Philosopher Harry Frankfurt, in his book "On Bullshit," makes a distinction between those who lie, by deliberately making false claims about what is true, and those who BS, by changing the rules governing their end of the conversation so that claims about truth and falsity are irrelevant. Frankfurt states that a BS-er "does not reject the authority of the truth, as the liar does, and oppose himself to it. He pays no attention to it at all." Washington Post columnist Eduardo Porter says the current president's "greatest gift is to have realized that in a nation that has lost its grip on truth, BS can stand in as a replacement." Apparently ignorance is truly strength.
As citizens of a democracy, what is our obligation to the truth? For myself, I know I have to start by seeking the truth, which means I have to try to get past all the blinders from my own biases and prejudices. I have to accept that truth is not a campaign sound bite, not a rant I can just rattle off whenever my blood starts boiling. And I have to consider evidence from all quarters.

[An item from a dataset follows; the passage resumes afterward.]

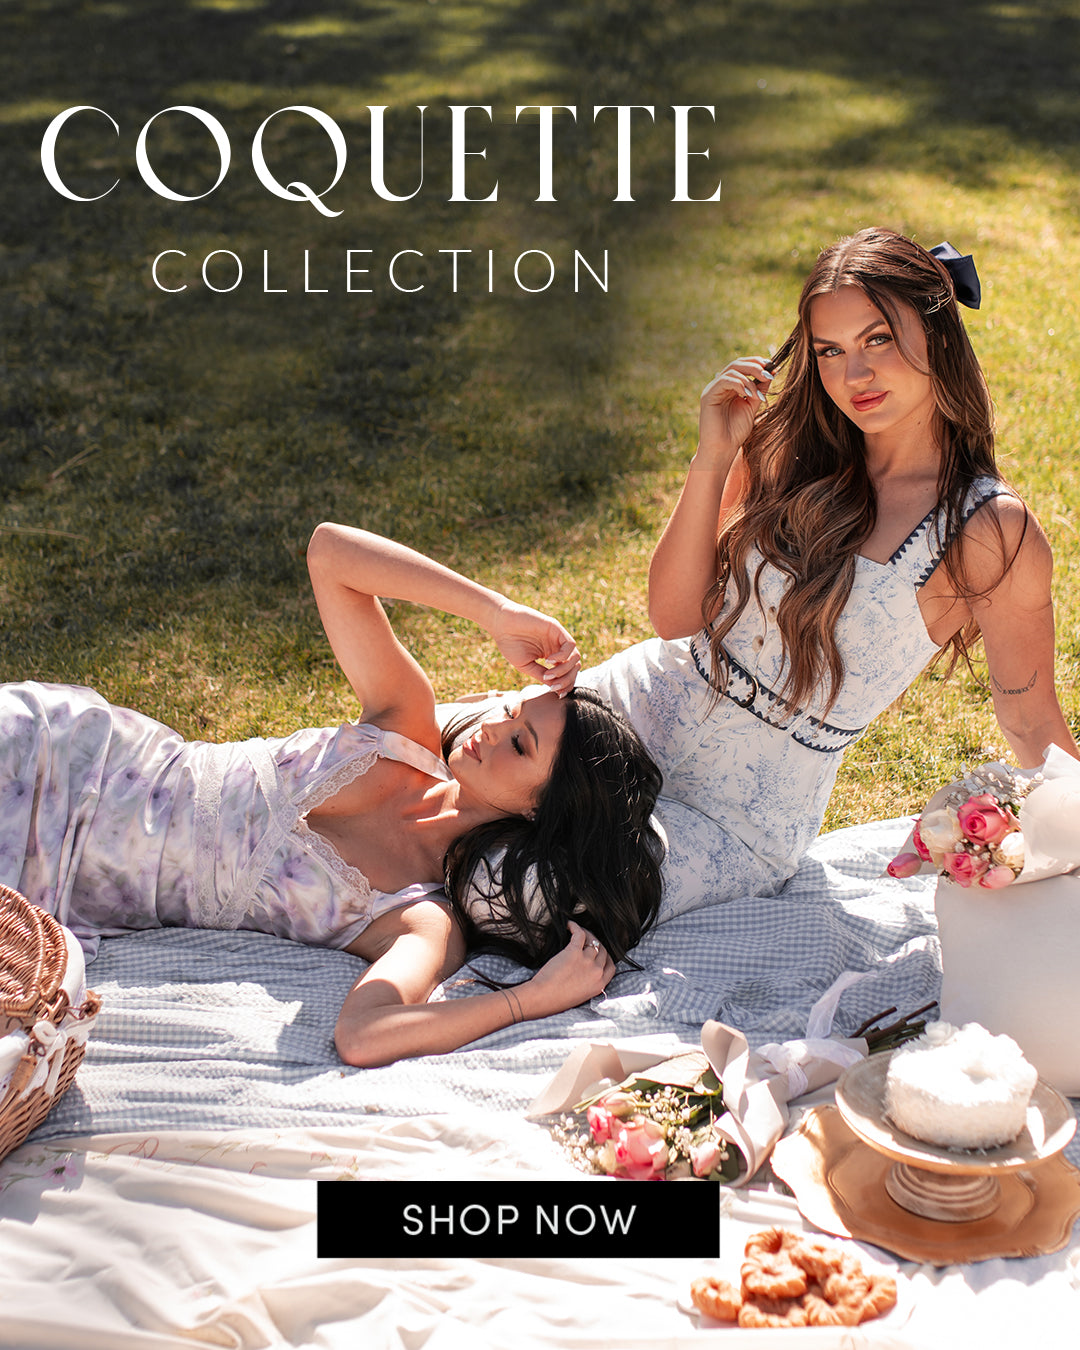 Coquette Collection. Photos of models wearing floral jumpsuits and dresses in a sunny afternoon picnic scene.  Call to Action says "shop now" and links to the Coquette Collection.

For example: Are immigrants hard workers who overcame big obstacles to get here and want to make a new life that contributes to a stable society? Or are they freeloaders who would rather take welfare or illegal shortcuts than do honest work? The truth is that there are immigrants in both camps, and everywhere in between. And the same could be said of those who have been here for decades. Acknowledging this truth can get us past pro- or anti- agendas to the core of the problem: How can we build a system so that all citizens, newcomers and old-timers alike, have incentives to do good work and better our society?

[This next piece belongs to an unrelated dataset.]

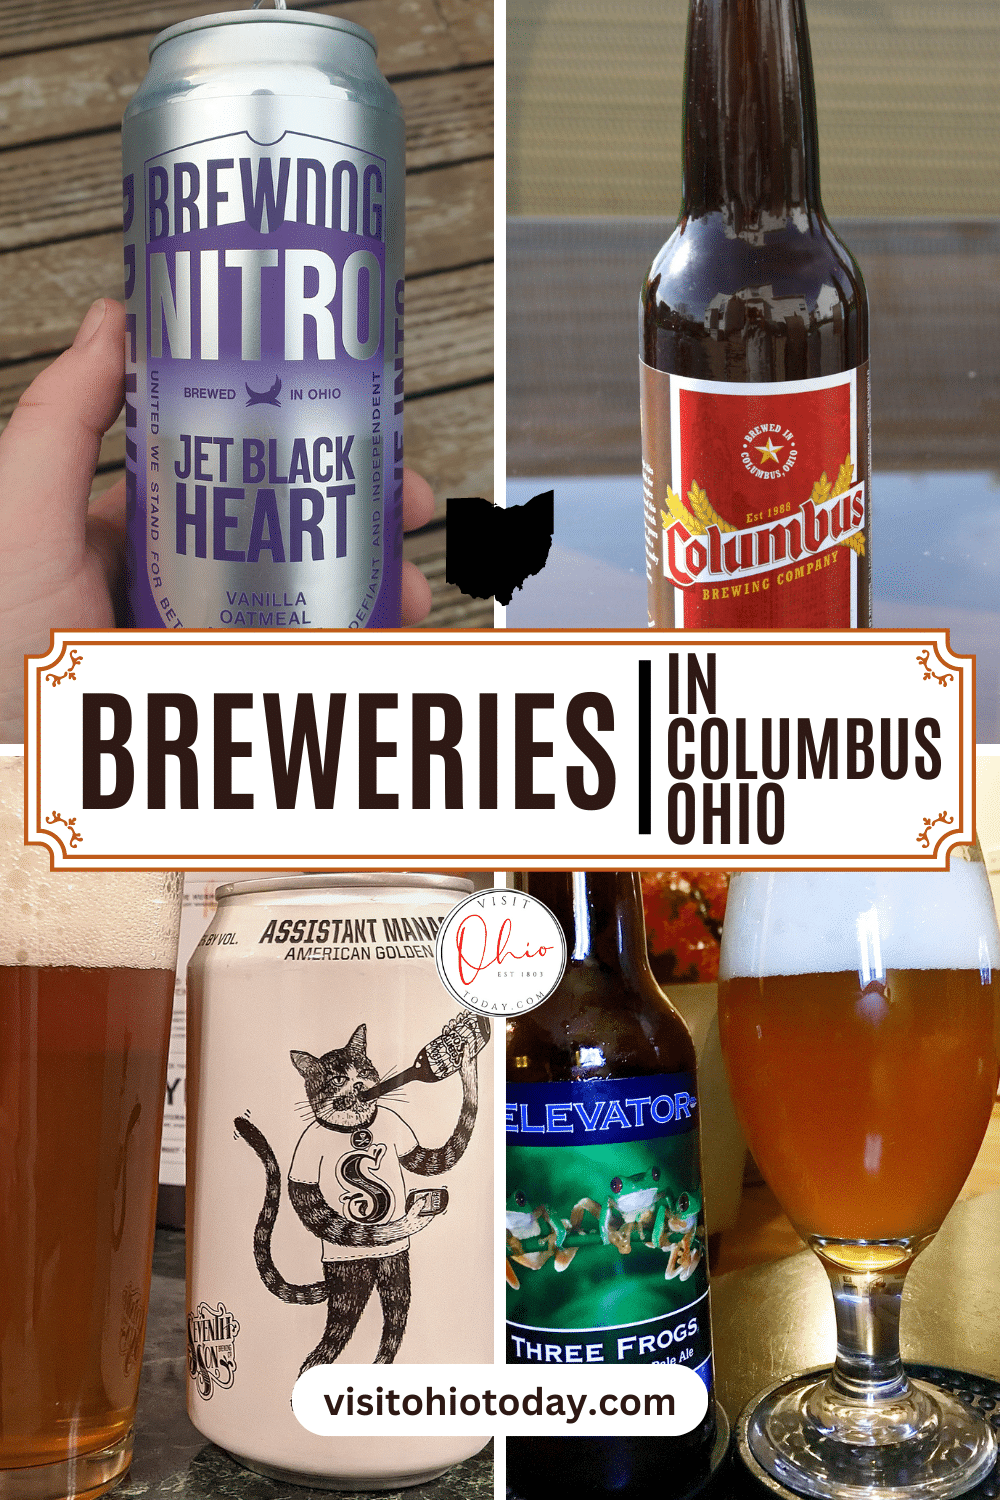 There are many breweries in Columbus Ohio that welcome visitors. These breweries produce some of the best craft beers and ales that you can find not just in Ohio, but throughout the United States.

Leaving the easy sound bites behind, we could also take a step back and ask: Why are so many people leaving their longtime homes to come to our shores? What role do we have in supporting that pattern? Does that role give us leverage to make changes? Embracing the full truth often means diving deeply into a complex world, seeking to understand before advocating change. To me, it's sweet relief to hear someone acknowledge the full truth of a thorny issue because I know I'm talking with someone who has put agendas aside to look a tough problem square in the face.

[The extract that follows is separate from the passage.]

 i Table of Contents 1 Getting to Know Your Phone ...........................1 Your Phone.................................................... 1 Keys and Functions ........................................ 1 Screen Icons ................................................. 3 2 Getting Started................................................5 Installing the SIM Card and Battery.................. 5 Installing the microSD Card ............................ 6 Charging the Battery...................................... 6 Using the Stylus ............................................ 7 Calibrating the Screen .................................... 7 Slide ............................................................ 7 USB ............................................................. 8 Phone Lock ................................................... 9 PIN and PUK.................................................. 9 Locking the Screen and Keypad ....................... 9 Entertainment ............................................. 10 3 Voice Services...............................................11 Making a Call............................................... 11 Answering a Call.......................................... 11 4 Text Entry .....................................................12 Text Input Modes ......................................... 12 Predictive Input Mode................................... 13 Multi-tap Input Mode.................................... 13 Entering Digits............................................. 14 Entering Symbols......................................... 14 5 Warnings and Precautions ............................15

I believe good citizens are also obliged to defend the truth. However, maintaining calm and resilience in the face of blatant falsehoods can be difficult. But we could look to Angela Harrelson, George Floyd's aunt, who has had to deal with death threats and hoaxes, including a call from a man pretending to be the officer who killed her nephew. Even after federal and state trials found that officer guilty of civil rights violations and murder, Harrelson has encountered activists who deny the basic facts — the truth — about Floyd's death. All this while processing her own grief. A reporter recently asked her how she felt about the fact that concepts like diversity and inclusion are now in the crosshairs. Her response? We're in a movement, not a moment. Of her nephew, she said, "The gift he left us is the voice, to lift our voice and to fight. We don't have to be silent."
I know I prefer living in harmony with truth, even when it's big and messy. I will continue to seek truth and speak truth at every opportunity, and I think I'm in good company. "Facts do not cease to exist because they are ignored," wrote Aldous Huxley, the author of "Brave New World." "All I want is the truth," John Lennon sang, "Just give me some truth." Finally, one last quote (that is sometimes attributed to Orwell, but in any case was said by someone wise): "In a time of deceit, telling the truth is a revolutionary act."
Jeff Naylor, of Minneapolis is a software architect.